What Pamela would have thought of Geneviève hardly mattered. What was important, he realised with a gaping in his stomach, was what Penelope would think...
‘I really didn’t mean for all this to happen,’ she said. ‘You must think me fearfully wet.’
She took his handkerchief, and dabbed her own eyes dry. She looked at the damp-spotted cloth.
‘Well, well,’ she said. ‘Salt water.’
He was puzzled.
‘Usually, I cry blood. It’s not very attractive. All teeth and rat-tails, like a proper nosferatu.’
Now, he took her hand. The pain of memory was passing; somehow, he was stronger.
‘Geneviève, you consistently underestimate yourself. Remember, I know for a fact that you don’t know what you look like.’
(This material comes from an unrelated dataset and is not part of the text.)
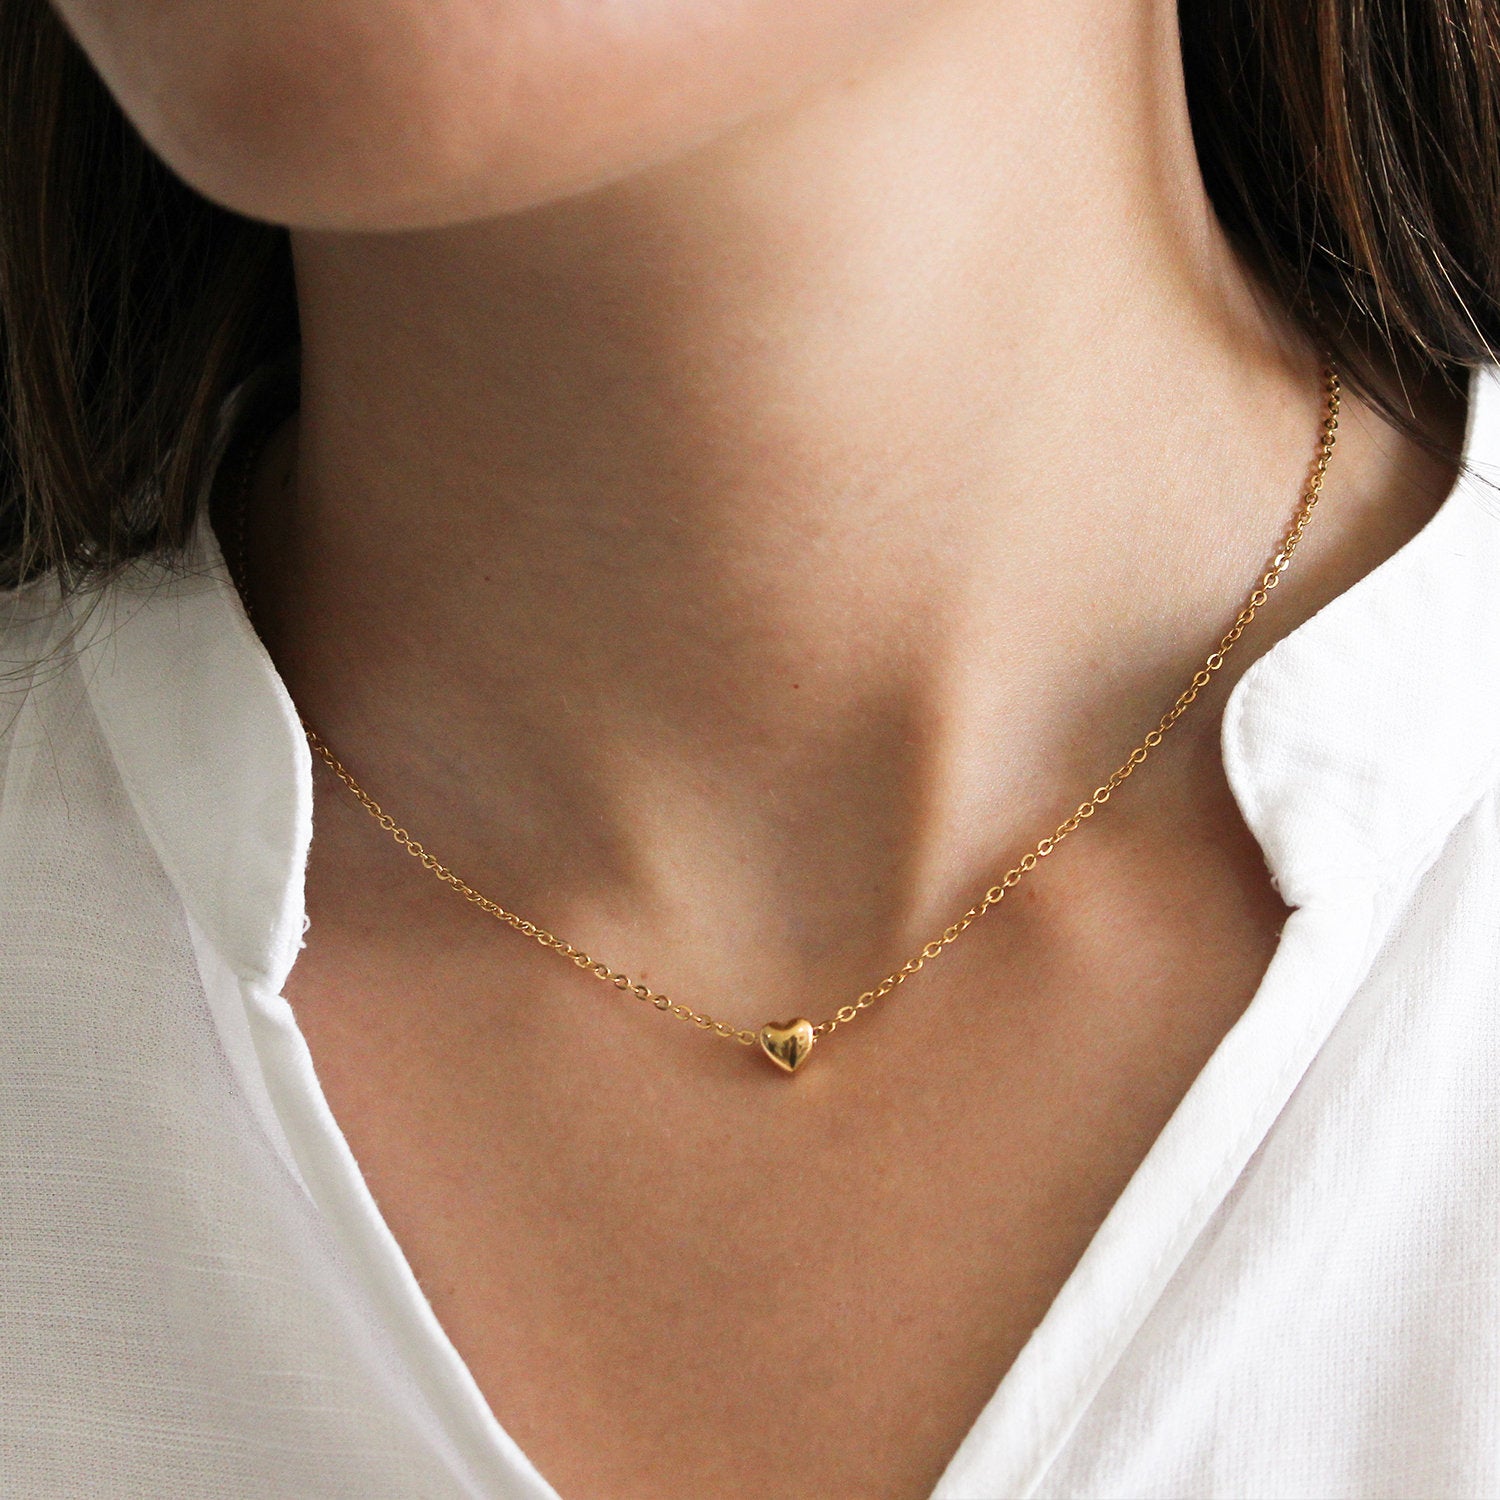 Heart Necklace (Gold-Plated)

‘I can remember a girl with feet like a duck’s, and lips that don’t match. Pretty eyes, though. I’m not sure, but I hope that was my sister. Her name was Cirielle; she married the brother of a Marshal of France and died a grandmother.’
She was sharp again, in control of herself. Only the slight flush on her neck betrayed any emotion, and that was fading like ice in sunlight.
‘By now my family must have spread over the globe, like Christianity. I expect everybody alive is related to me somehow.’
He tried to laugh but she was serious again.
‘I don’t like myself when I gush, Charles. I apologise for having embarrassed you.’
Beauregard shook his head. Something had broken between them, but he was not sure whether it had been a bond or a barrier.